Mitt, he'll tell you, doesn't apologize for 
America. But he's had to apologize for 
himself plenty. Aside from all the recent 
gaffes and gauche statements that managed 
to incense America's closest allies 
in Europe, earning him the nickname 
"Mitt the Twit," Mitt's ever-changing 
policy positions are, for all intents and 
purposes, apologies. It's saying his previous 
stance on, say, women's health, 
was wrong. For example: when Mitt 
said abortion should be legal because 
a close family friend had died from an 
illegal abortion. He's now saying he's 
righting (ahem) his stance on the issue 
and declaring his vigil for his family 
friend to be over. He's saying his 
crowning achievement as governor of 
a state, Obamacare, nee Romneycare, is 
now a plague on humanity and must be 
repealed.

A man who "retroactively retired" as 
CEO of Bain Capital can effortlessly 
adjust his positions. For a candidate 
who's disgusted by apologies in his opponents—
who hurls the accusation of 
apology as if it were a disqualifying offense 
to all that is wholesome—he sure 
walks back from, amends and revises 
the stuff he says a lot.

So since apologies are so important to 
Mr. Romney, I'd like to offer mine. I've 
said on numerous occasions (some of 
them broadcasted) that Mitt has been 
running for president for 20 years. I 
figured somewhere around 1992, Mitt, 
having witnessed his father's failed run 
for president and his mother's failed 
run for Senate, was watching the first 
Baby Boomer president (Bill Clinton) 
being sent to the White House. It was 
then he resolved that he, too, was going 
to run for president.

Now if that were true and his planning 
began the year Pope John Paul issued an 
apology for the Inquisition's banning 
Galileo, Mitt would have made some 
different choices. His business practices 
would have been, candidly, more 
patriotic.

He wouldn't have laid-off American 
workers, outsourcing jobs overseas, 
and then expect those same American 
workers to vote for him.

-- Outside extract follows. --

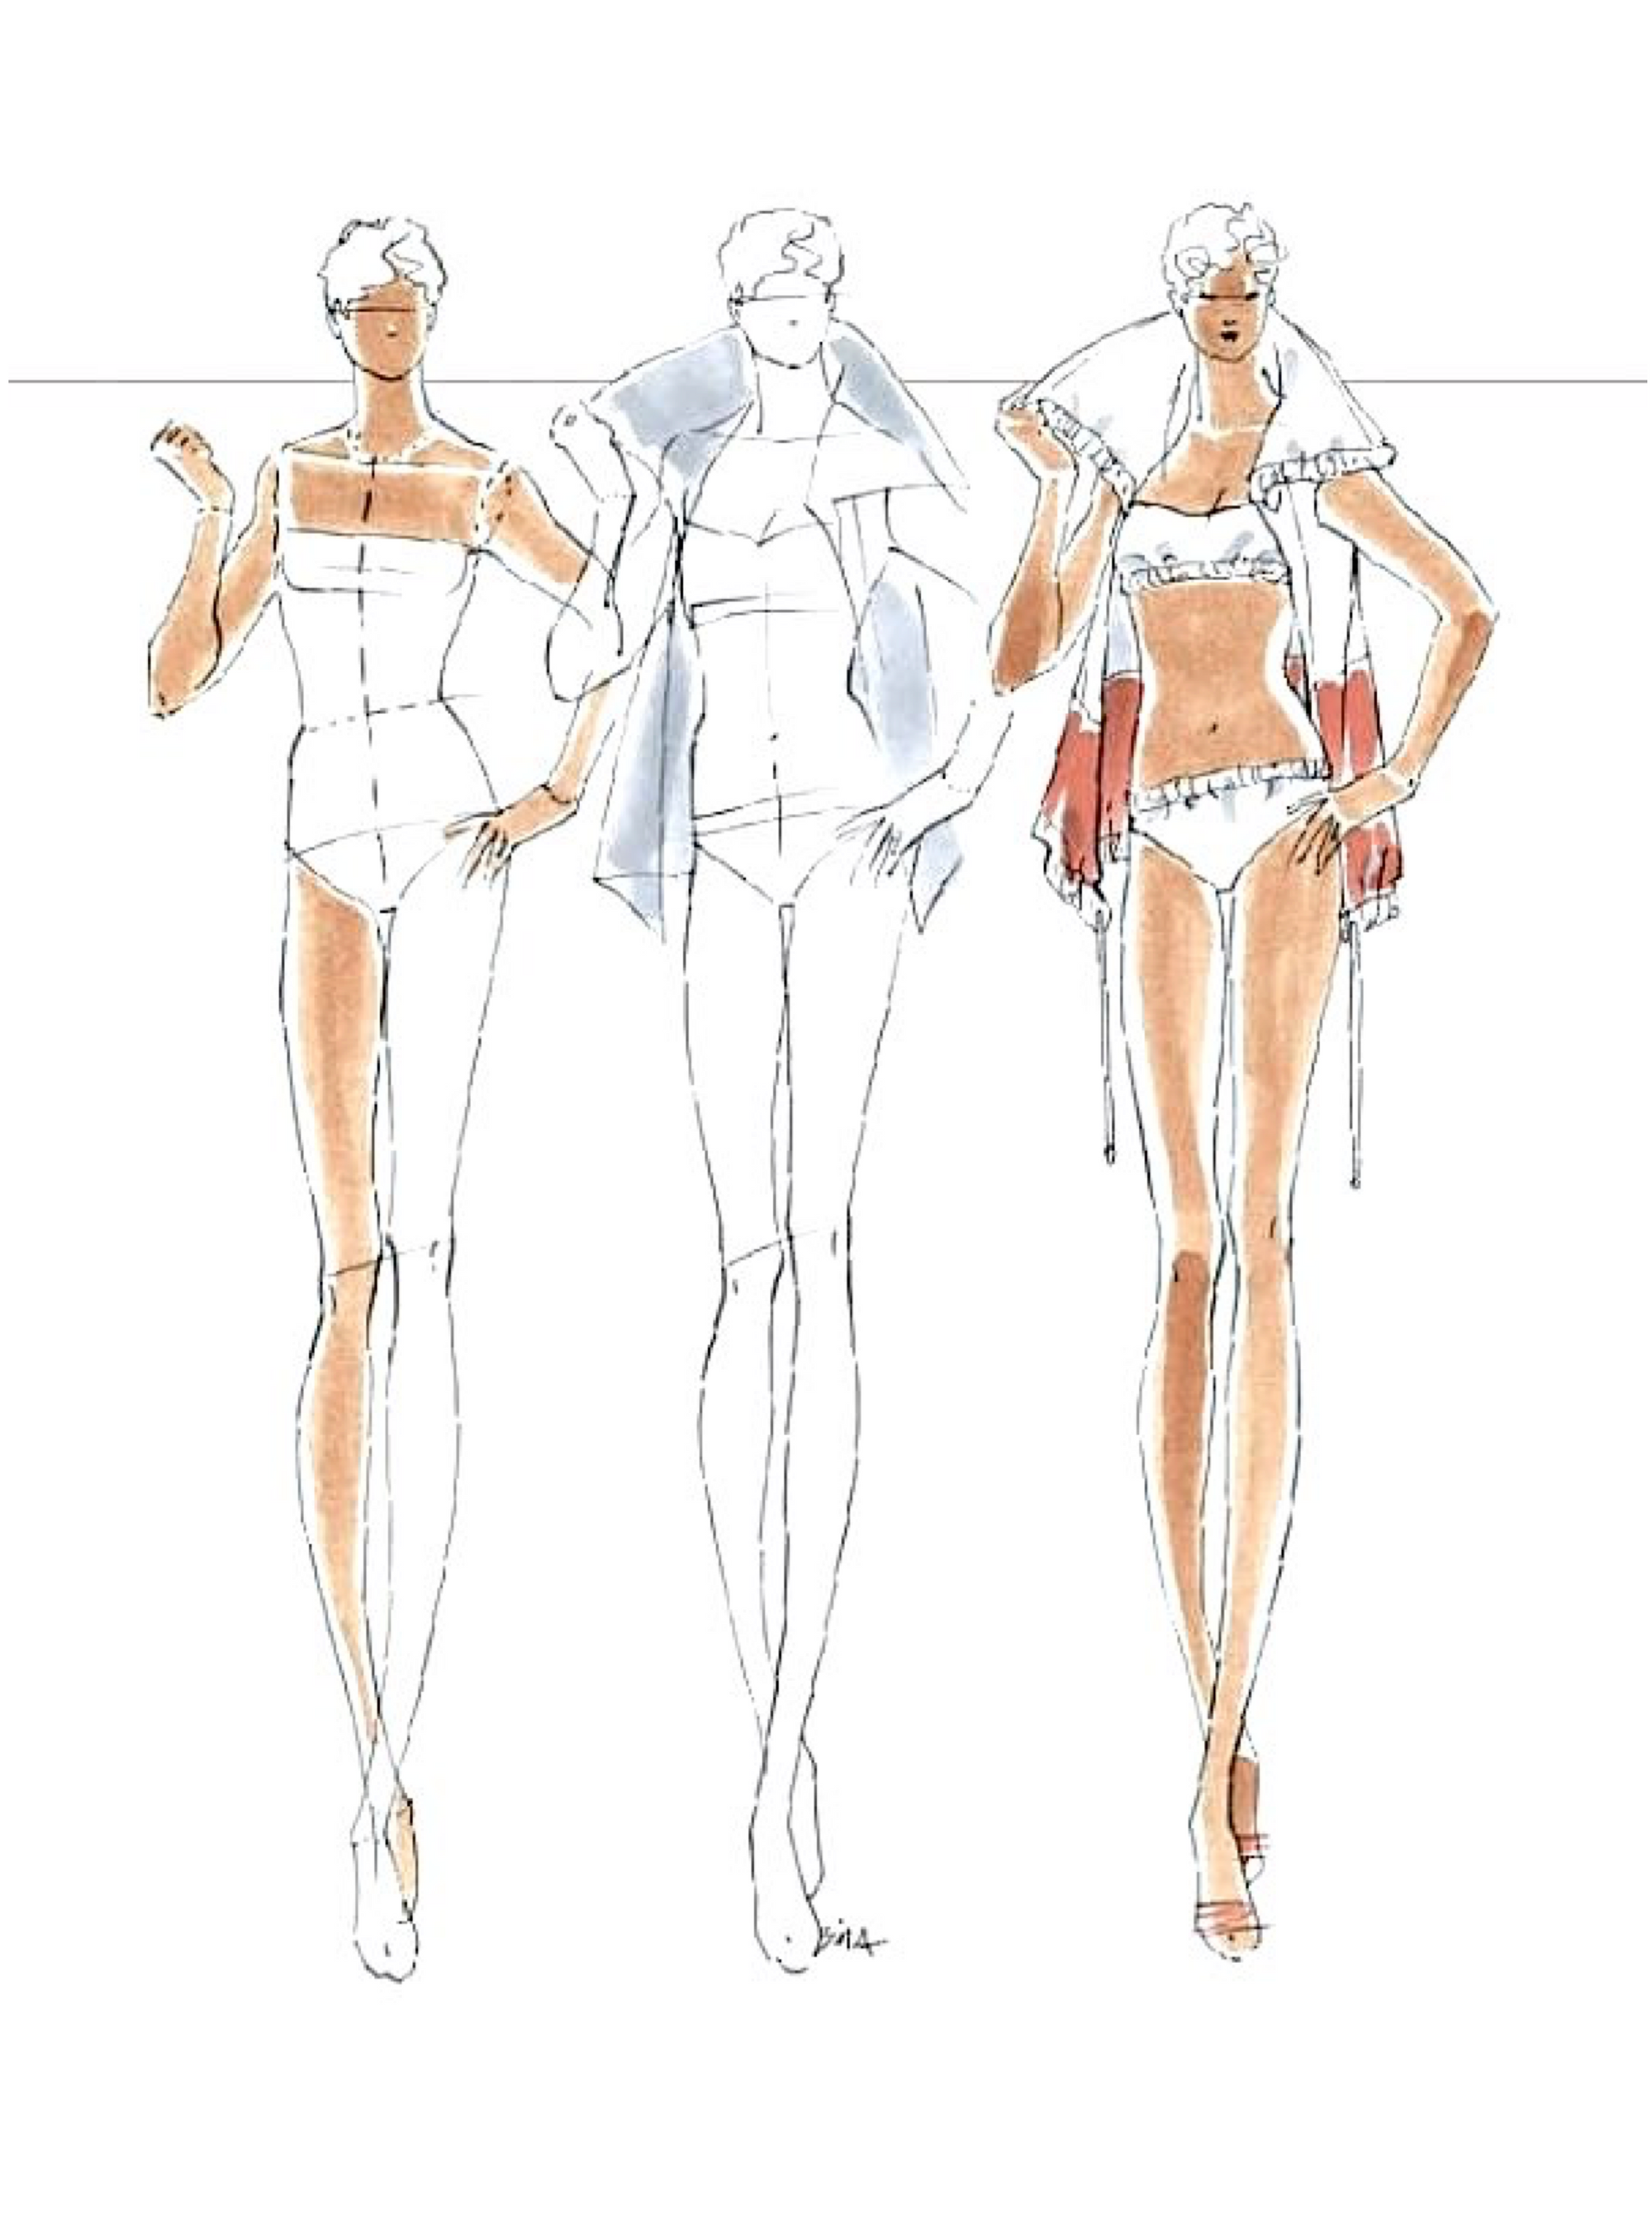 Buy Hand-drawn Fashion Croquis Pack updated, Female Fashion Figure  Template, Body Pose for Fashion Illustration, Fashion Sketch, Fashion Draw  Online in India - Etsy

He would have 
built something, instead of destroying 
corporations and getting rich off 
the charcoal. If Mitt Romney had been 
planning to run for president for 20 
years, he would have anticipated releasing 
his tax returns (his father pioneered 
the practice) and made sure everything 
on there was something he could be 
proud of; returns he would happily release 
to the public.

So I was wrong. Mitt hasn't been running 
for president for 20 years. He made 
money in a way that's legal but now is 
embarrassed (think apologetic) about 
how little he's paid in taxes, or what he's 
made off his investments to show his 
tax returns to voters. He's taken advantage 
of tons of loopholes, parking his 
money in foreign bank accounts. With 
his business record, he'd be a controversial 
presidential appointee, let alone a 
presidential candidate himself. Sure it's 
legal. But it's not ethical. Not for public 
service. Especially not for the most 
powerful position in the country.

So, Mitt, I'm sorry. I had been saying 
something about you that just wasn't 
true. You haven't been running for 
president for two decades. You haven't 
been paying attention to what would 
play best to get yourself sworn into 
office.

You've been paying attention to your 
money.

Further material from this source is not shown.